| Dataset records |
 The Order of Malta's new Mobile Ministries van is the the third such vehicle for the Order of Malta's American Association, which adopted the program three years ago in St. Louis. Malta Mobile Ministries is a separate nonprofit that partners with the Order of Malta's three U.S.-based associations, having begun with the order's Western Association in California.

--

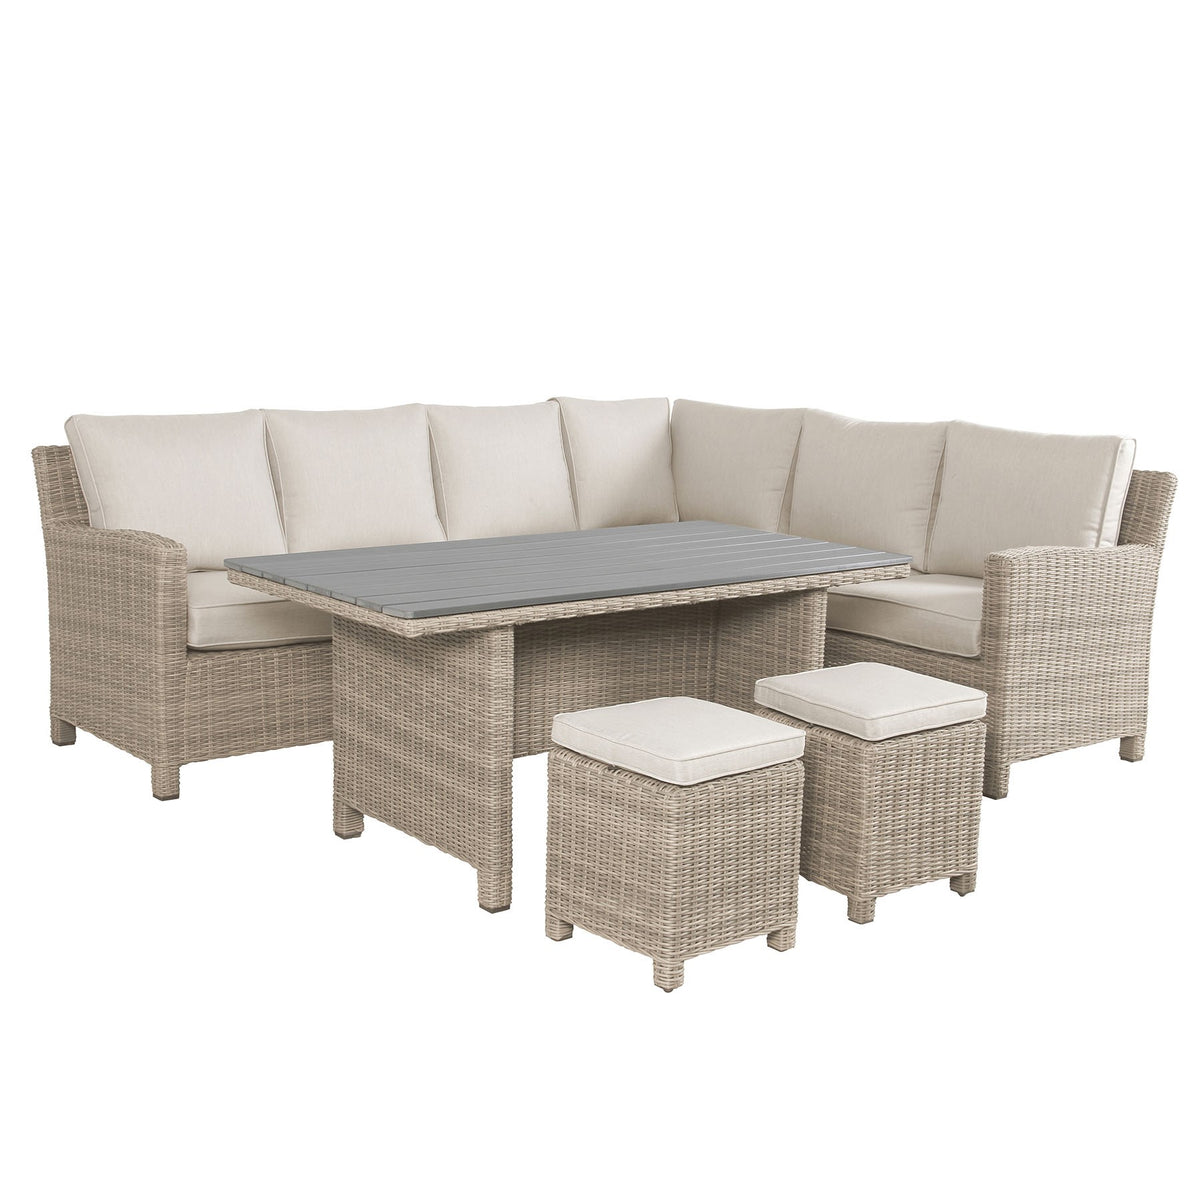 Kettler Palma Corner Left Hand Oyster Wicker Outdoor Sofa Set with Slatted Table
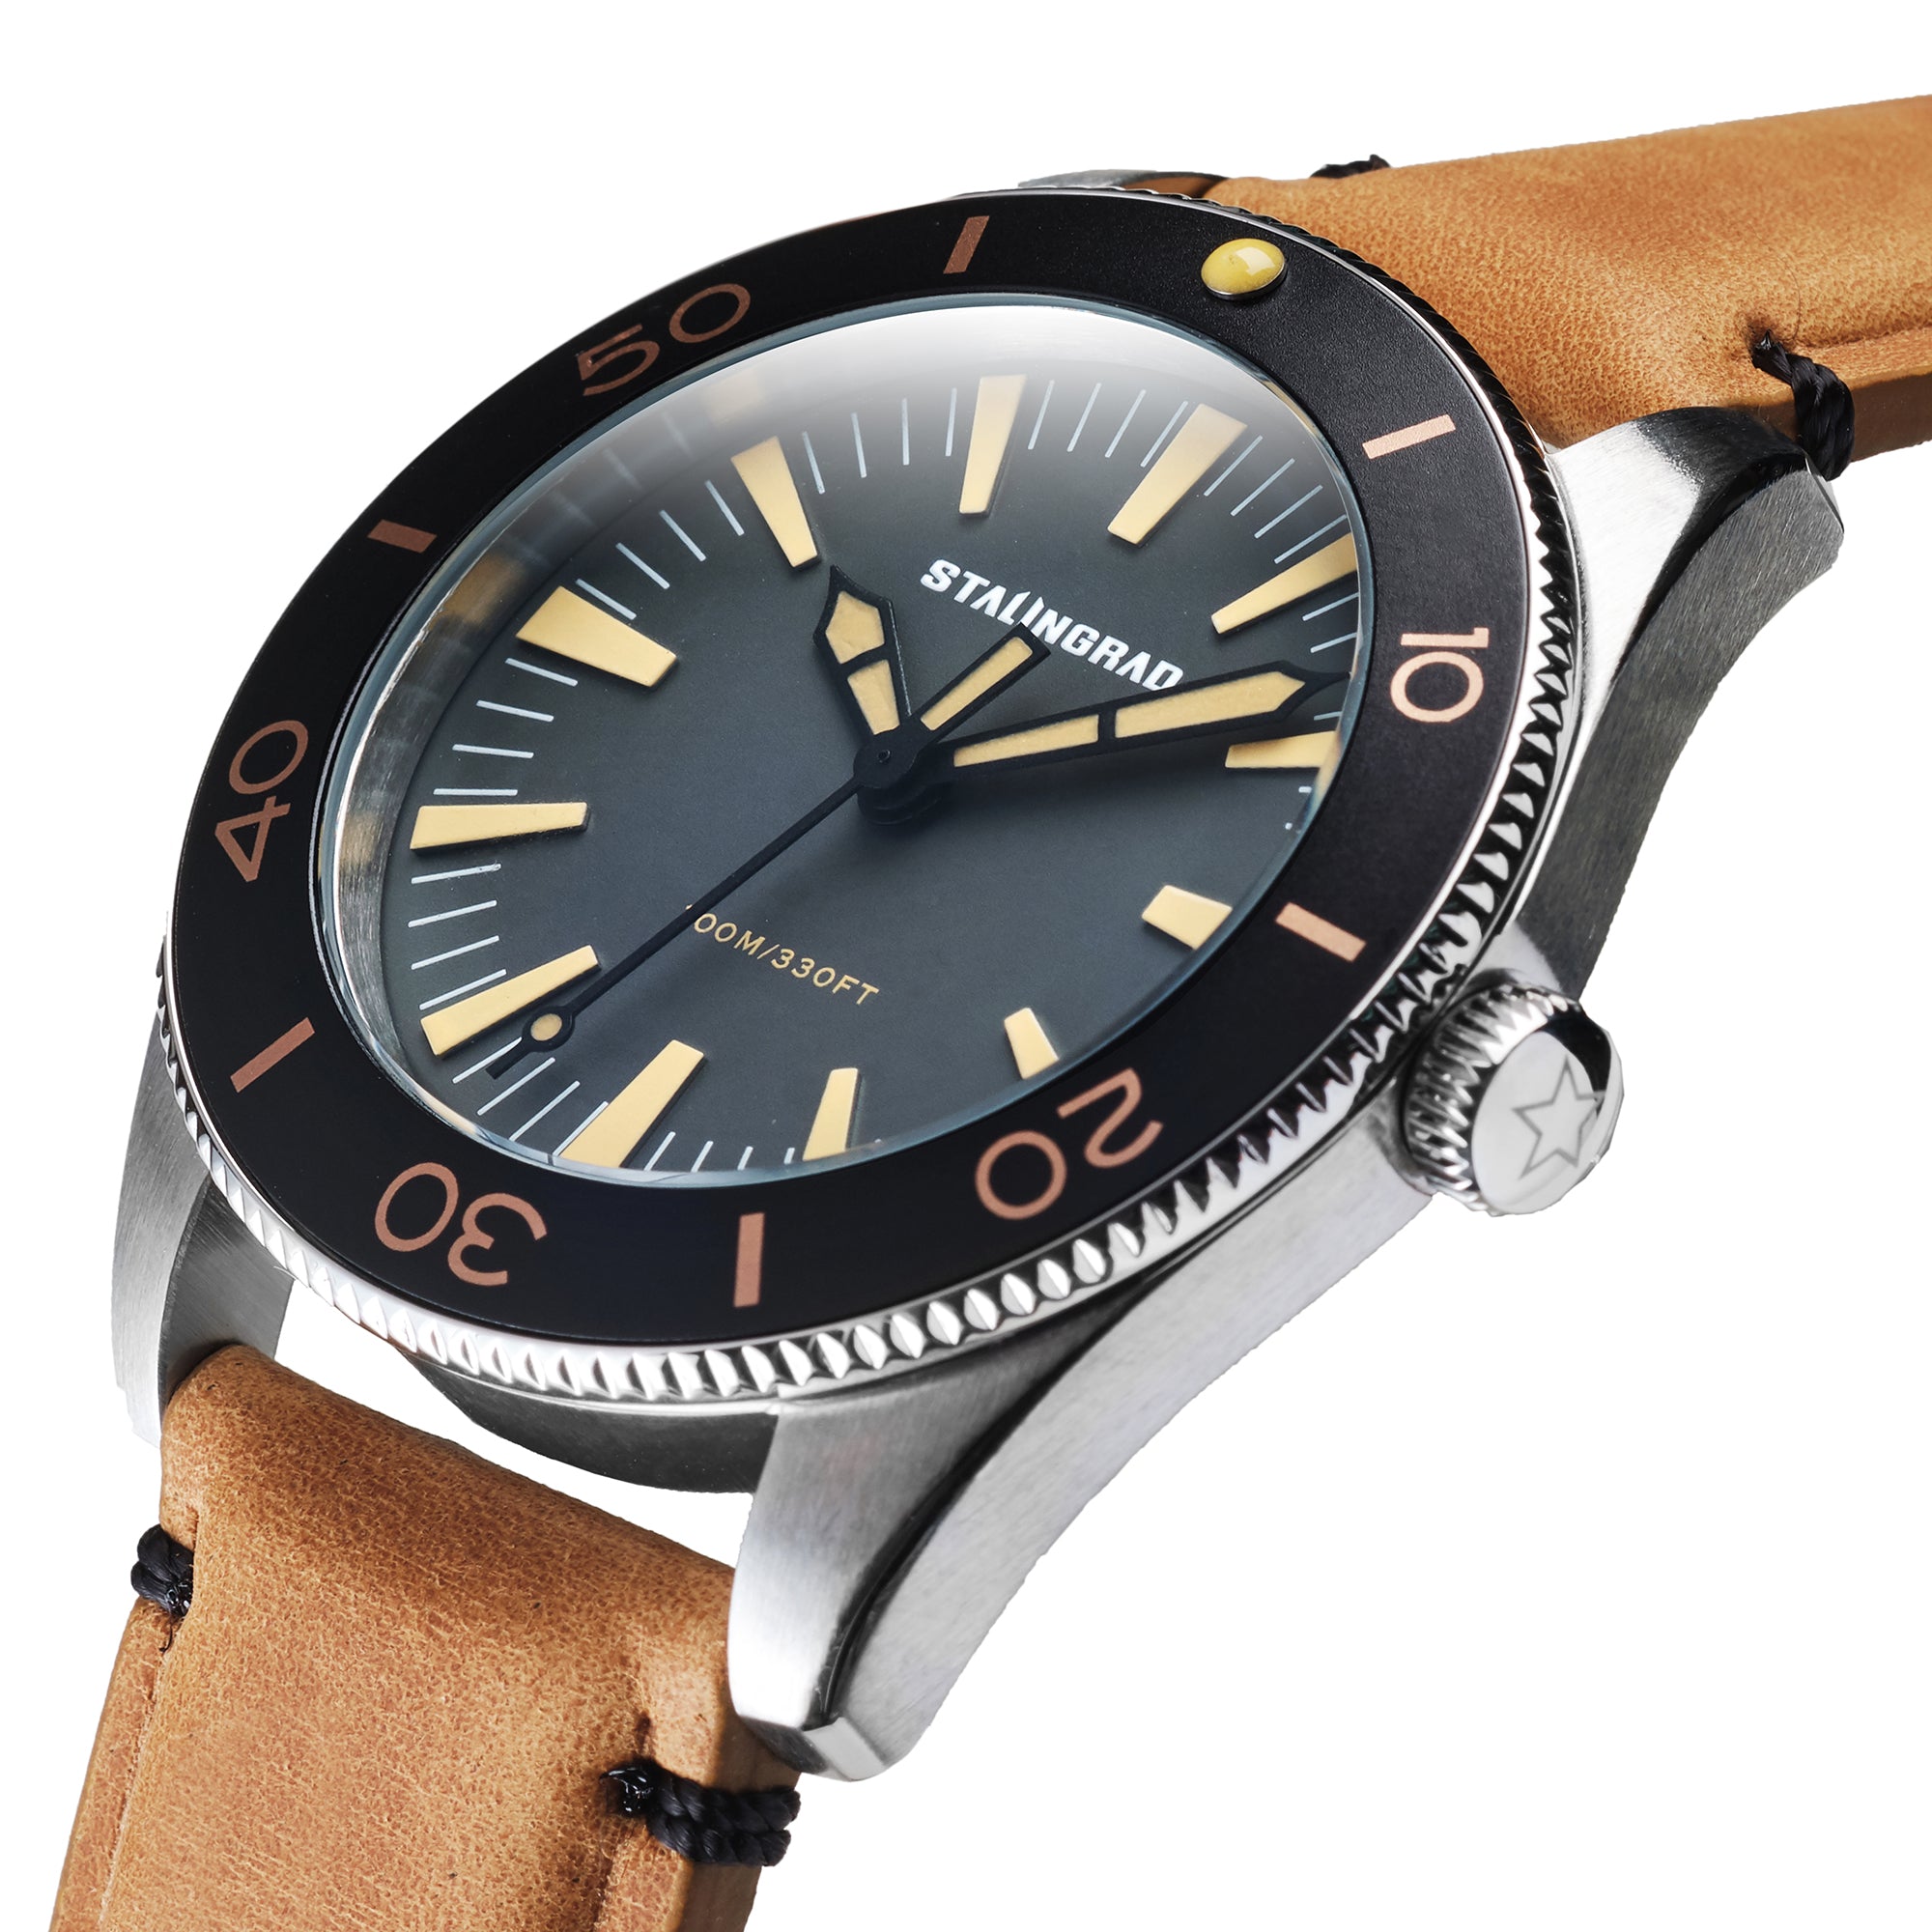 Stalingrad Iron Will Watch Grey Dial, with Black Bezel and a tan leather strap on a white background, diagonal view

---

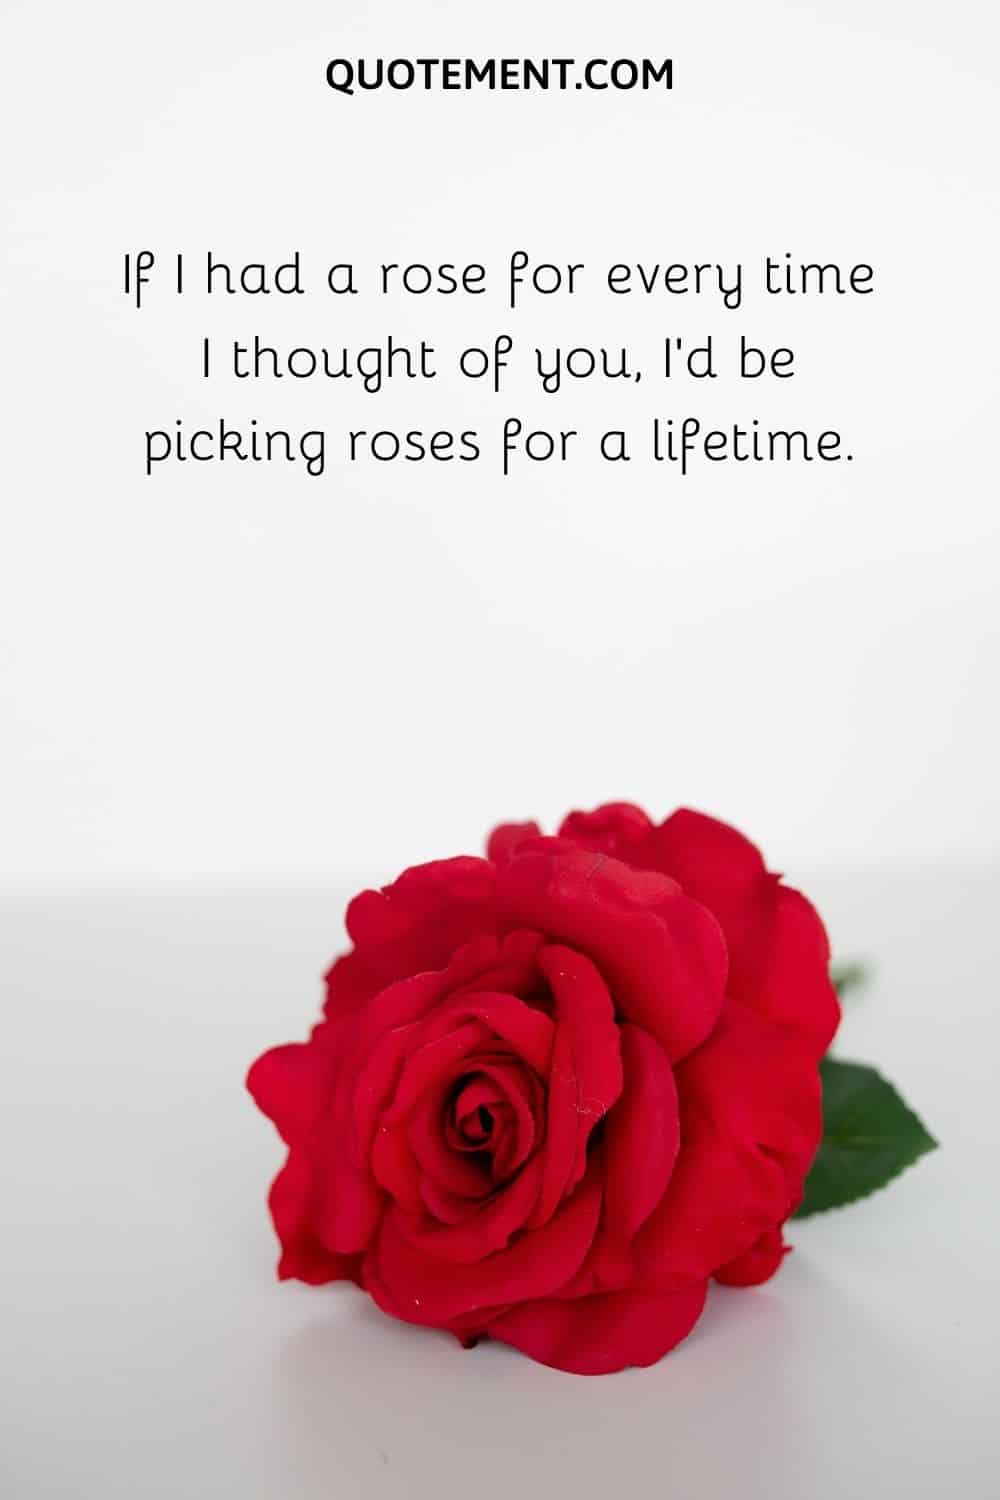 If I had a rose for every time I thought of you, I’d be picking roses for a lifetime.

| Exercise requirements |
Although the records above contain pictures, the copy should not; retype exactly the lines from the one containing "Kettler Palma Corner" through the one containing "Stalingrad Iron Will".

| Exercise output |
 Kettler Palma Corner Left Hand Oyster Wicker Outdoor Sofa Set with Slatted Table
 Stalingrad Iron Will Watch Grey Dial, with Black Bezel and a tan leather strap on a white background, diagonal view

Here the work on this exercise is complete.